Well there would be ‘dirty data’ is What I found. Or some other extraneous reason hence why I don’t use all the data they give us. I found that they’d break my Learner. That’d be how I’d notice an issue.

To the rest, the model will explain why something is or isn’t useful. Eg permutation importance will tell you directly what variable had the most impact. For a breakdown of where misses were via variable distribution the ClassConfusion widget will do this (also works in colab, see my repo if you’re using that)

Basically from permutation importance you could then further go see if there were a lot of NaN, etc if you wanted.

1 Like

I just notice that there is 597 outputs in the model. It seems like fastai thinks that SalePrice is categorical data. How this decision is happening and how I can avoid this happening. Is this something to do with that SalePrice is int64 instead of float?

Sure :slight_smile: go look at the Rossmann notebook. You can pass in label_cls=FloatList when you label.

Oh… thanks I might have already asked this previously. If you have the answer right away how it works here TabularDataBunch.from_df(’.’, df, target_column, valid_idx=valid_idx, procs=procs, cat_names=cat_names, label_cls=FloatList)
It’s saying that there is no argument like that

and also isn’t there any automatic thing to recognize this because I thought that this might be a great example code I can use everytime I use tabular data and I don’t want to remember changing that thing every time I switch from categorical to continuous.

No there isn’t :slight_smile: I use the datablock API for my work and just build from the tabularList like it’s shown in Rossmann (TabularList.from_x).split_by_x.labelfrom_x.databunch()

Try doing it how the Rossmann is set up copy/paste

:+1: Do you think this is something I could built inside the library because in theory it seems like a problem that could be solved automatically.

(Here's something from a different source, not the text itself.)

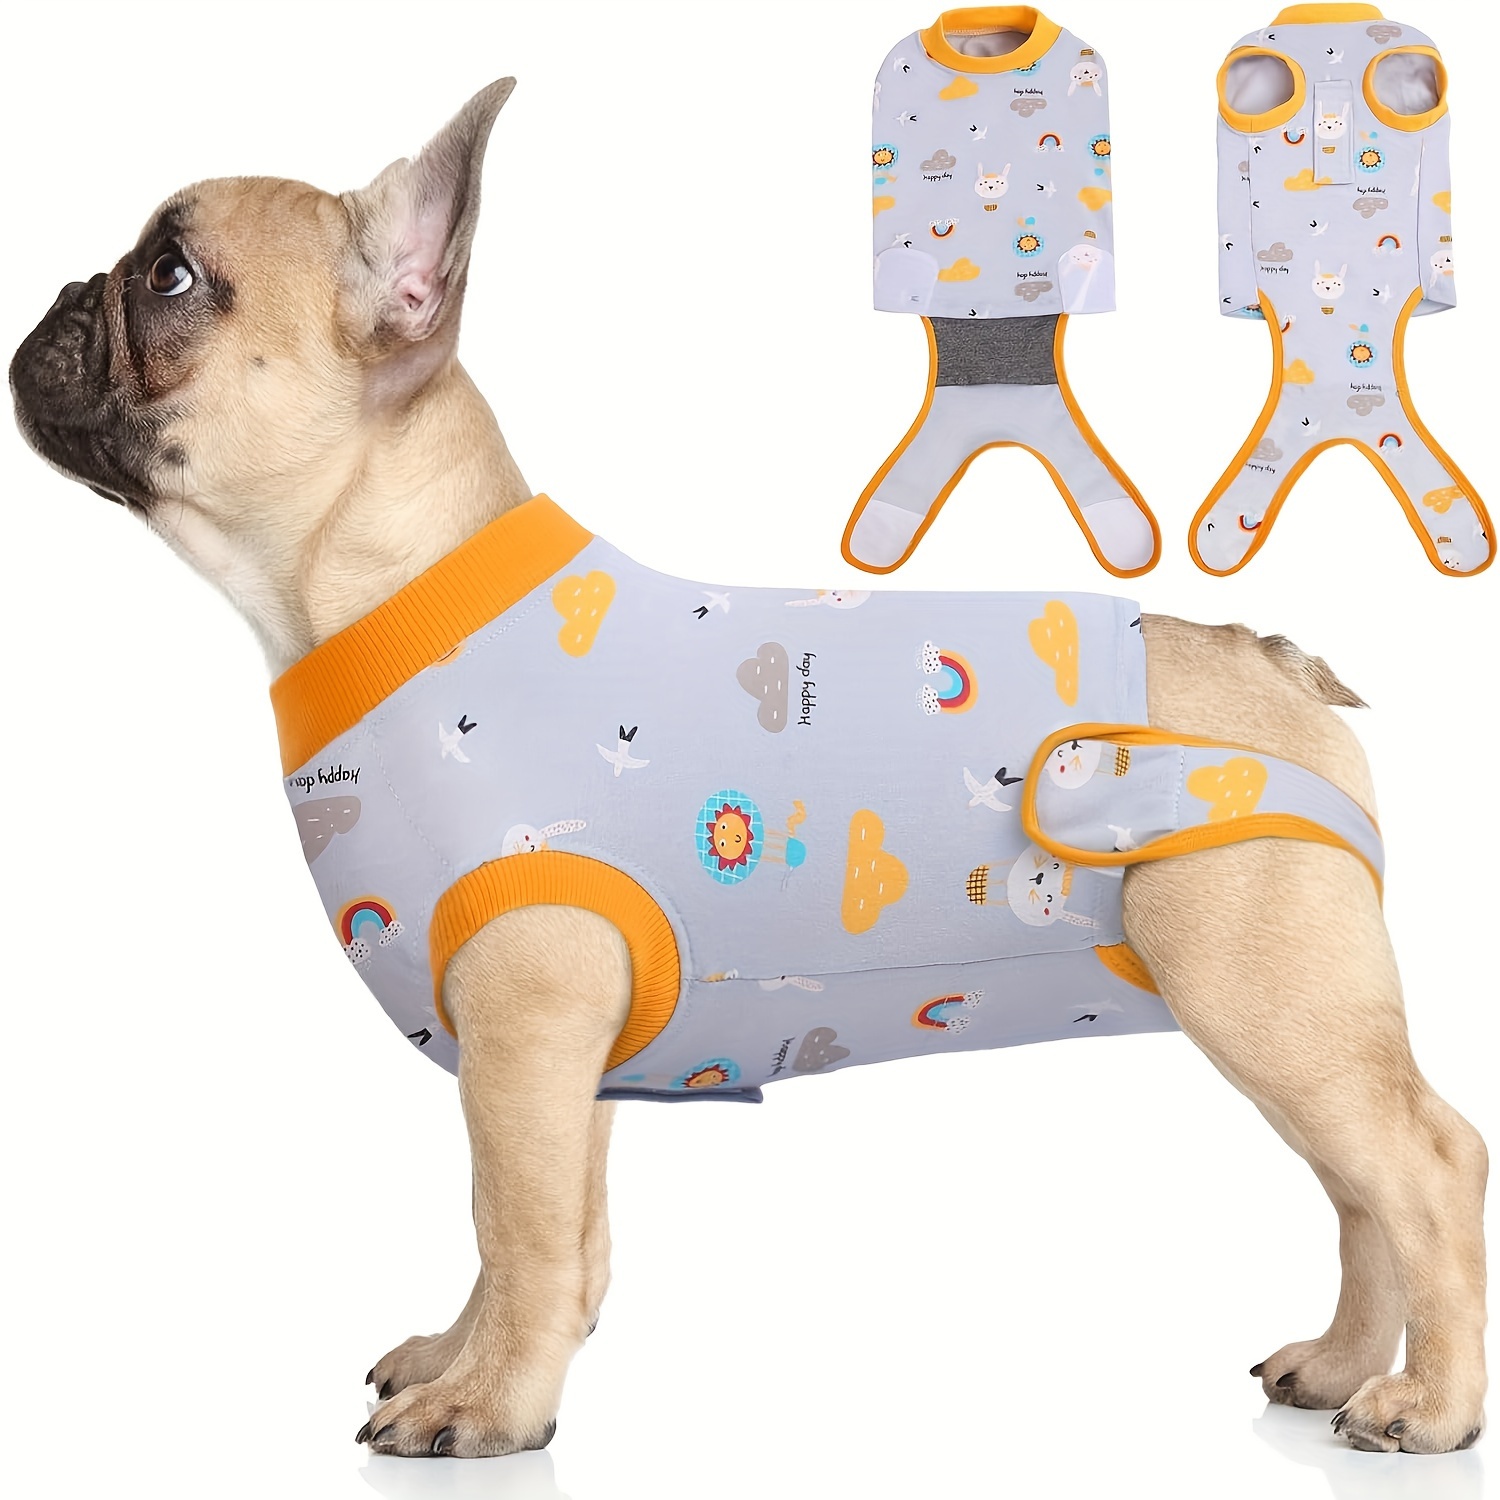 

Dog Recovery Suit After Surgery, Breathable Dog Surgery Recovery Suit For Female Male Dogs Cats, Dog Surgical Onesie For Spay Neuter Surgery, E-collar Cone Alternative Anti-licking Abdominal Wound

I don’t think so, as I’m trying to think how that could be done automatically as you could very easily have a classification task where n labels is an absurdly large amount. Maybe for your own tasks where you’re comfortable with how it’s done though :slight_smile: (my research I’ve been doing my number of classes at one point was >400)

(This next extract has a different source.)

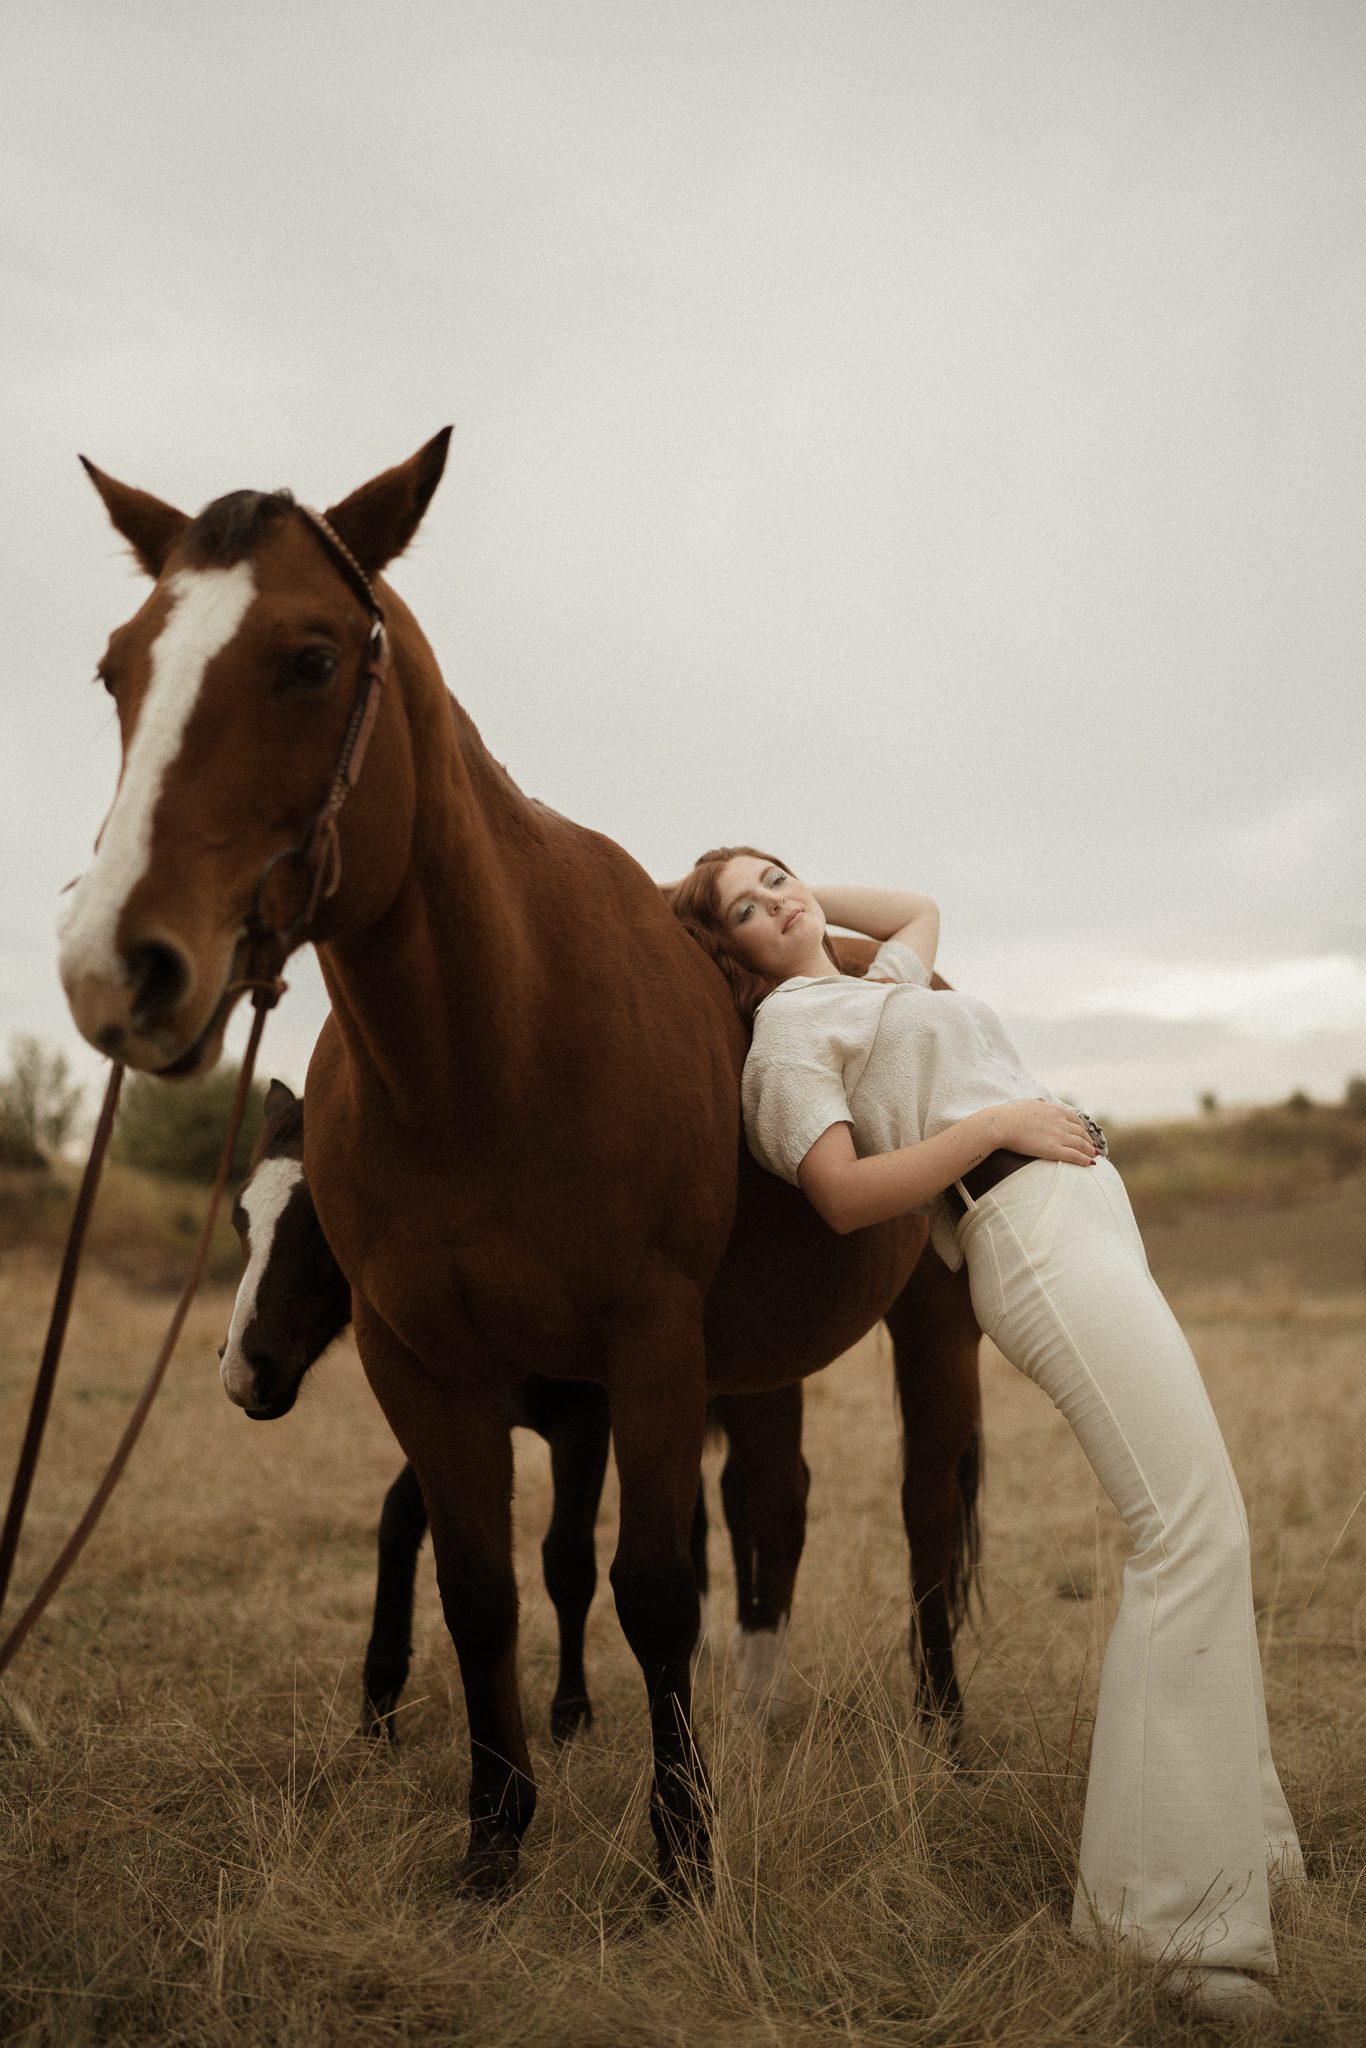 A creative portrait session with horses

But let’s think it this way. If it’s labels it is really easy to just say it’s categorical. Okay so how numerical data should be split? I think if there is more than 20 or something variations then it’s probably continuous. I probably represent this idea because it might work better than current solution but definitely still should be option to choose this manually in case someone has more than 20 numerical values and all are labels.

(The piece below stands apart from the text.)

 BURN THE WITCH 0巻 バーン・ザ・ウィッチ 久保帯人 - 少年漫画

Why adding log=True to label_from_df (using datablock API) gives so much better result? First I tried without it and the predictions were off a lot but then I used it and the model seemed to work pretty well. Isn’t that just changing the targets to log of them instead of the original?

Just realized that I’m using mean absolute error so is this log thing is making the model “better” because the variation of the targets is smaller and that’s why model’s predictions are pretty close but if I do squared the result will be the same.

actually it’s weird that when I’m not using log=True then the predictions are something in range of -20 to 20 or something like that although the real values are thousands. Then if I use log the prediction range is much closer to the real values.

I had a similar issue but I couldn’t find anything in the fastai documentation about passing log=True as an argument to the module label_from_df

What’s the theory behind this? If found a reference in the data block source code.

class FloatList(ItemList):
    "`ItemList` suitable for storing the floats in items for regression. Will add a `log` if this flag is `True`."
    def __init__(self, items:Iterator, log:bool=False, classes:Collection=None, **kwargs):
        super().__init__(np.array(items, dtype=np.float32), **kwargs)
        self.log = log
        self.copy_new.append('log')
        self.c = self.items.shape[1] if len(self.items.shape) > 1 else 1
        self.loss_func = MSELossFlat()
1 Like

I think it might be because if you don’t use log the chance that the predictions go to over- or underflows is possible and that might harm the training. So maybe it’s better for the model to keep the predictions at smaller range when training.